DEMI-paradise Productions returns to the Lancaster Castle on Friday and Saturday (October 21-22) with its eighth dramatic telling of other worldly yarns.

This year's annual offering of Ghostly Tales by producer Stephen Tomlin's excellent Demi-paradise company is dedicated to the work of 20th century female writers, read by five of the resident professional outfit's highly experienced actors in low lit rooms around the castle’s historic Shire Hall courts complex.

Writers included are Edith Nesbit (1858-1924), widely acknowledged as one of the first modern writers for children, with such classics as The Railway Children and Five Children and It. But her work as an accomplished author of popular ghost stories is somewhat overlooked. Man Size in Marble (read by Adam Jowett) is a powerful gothic horror set in a country parish.

Elizabeth Bowen (1899-1973) was an air raid warden during the London blitz and later an employee of the Ministry of Information and the complimentary pair of stories we’ve selected are outstanding examples of the ghost story genre finding new forms of expression in wartime. In Pink May (read by Bekah Sloan) a feckless wife is haunted by her own adultery while The Demon Lover (read by Julia Rounthwaite) has a respectable matron pursued by the malevolent spirit of a long lost soldier suitor.

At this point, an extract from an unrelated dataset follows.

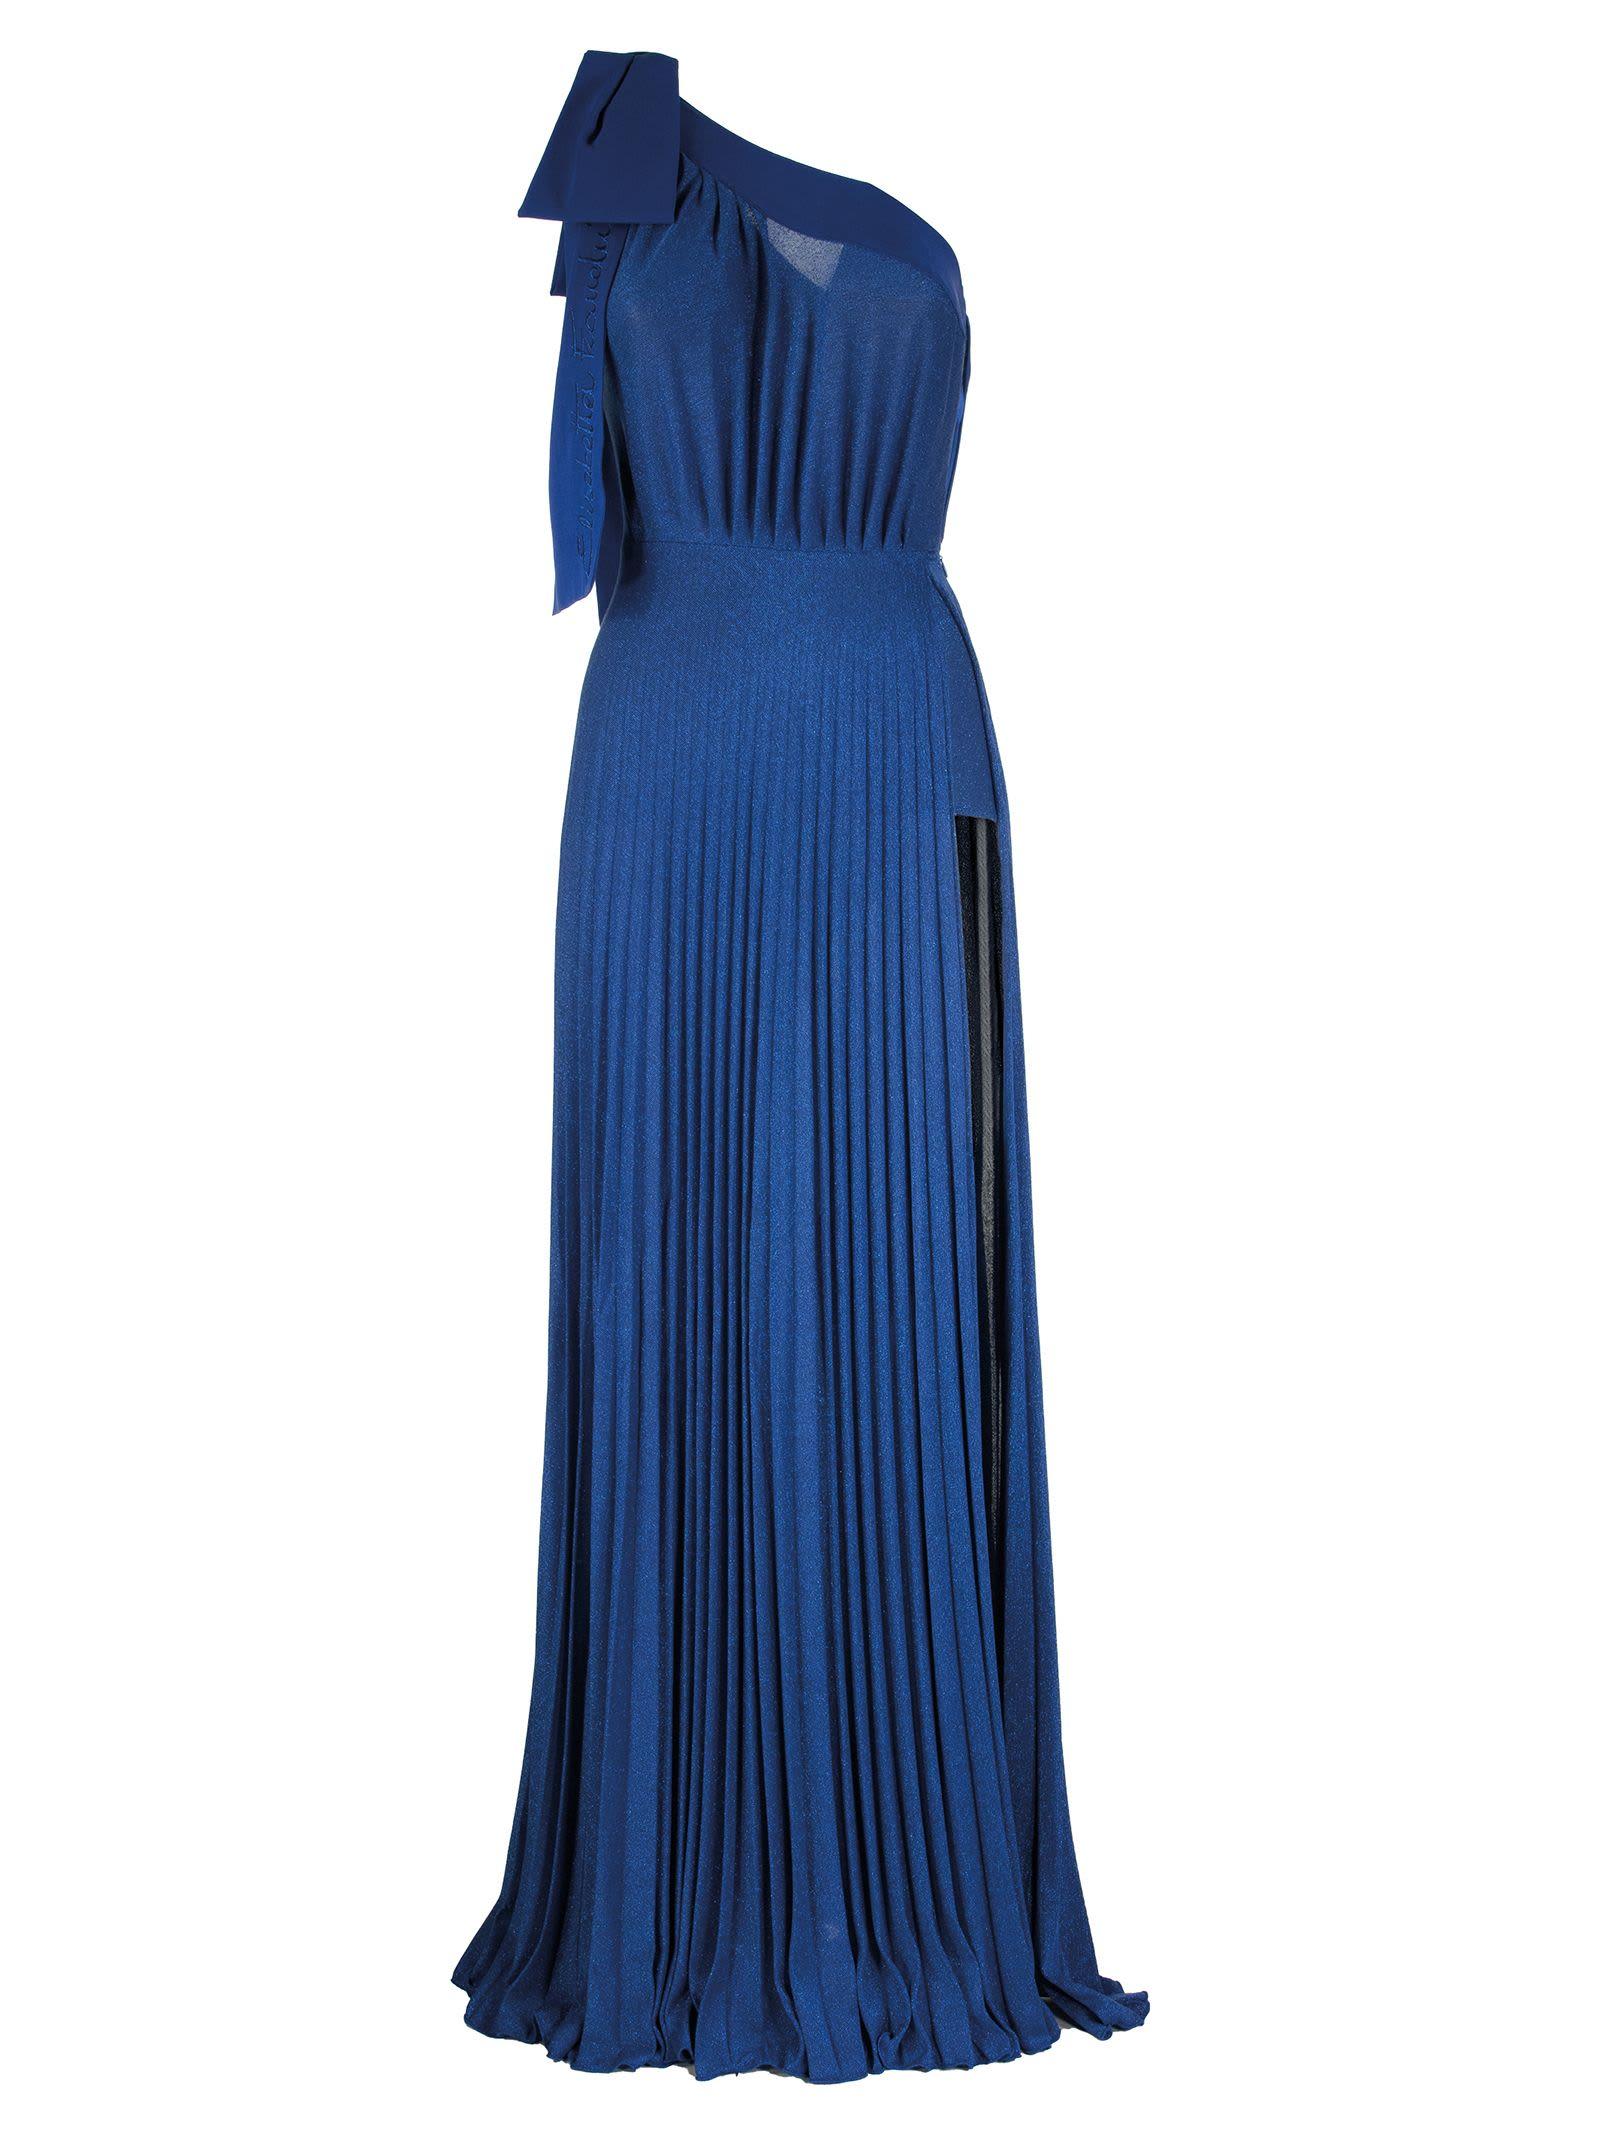 Buy Elisabetta Franchi Celyn B. One-shoulder Maxi Dress online, shop Elisabetta Franchi Celyn B. with free shipping

Meanwhile, Elizabeth Jane Howard (1923-2014) is probably best remembered as the author of The Cazalet Chronicles, recently broadcast on BBC Radio 4. Less well known is the role she played as the first secretary of the Inland Waterways Association, collaborating with then lover and co-founder of the IWA, Robert Aickmann, the doyen of British supernatural fiction. Out of that creatively productive relationship came Three Miles Up, which will be read by Stephen Tomlin.

Finally, Lancastrian, Jeanette Winterson (born 1959), a prolific and wide ranging novelist, commentator and critic, whose work spans more than four decades. Dark Christmas, read by Penny McDonald) is a fast paced and gripping narrative, set in a deserted country house on the Cumbrian coast.

Performances start at 7.30pm.

Tickets are available from the castle's visitor centre/box office, open 9.30am-5pm, or by telephone on 01524-64998.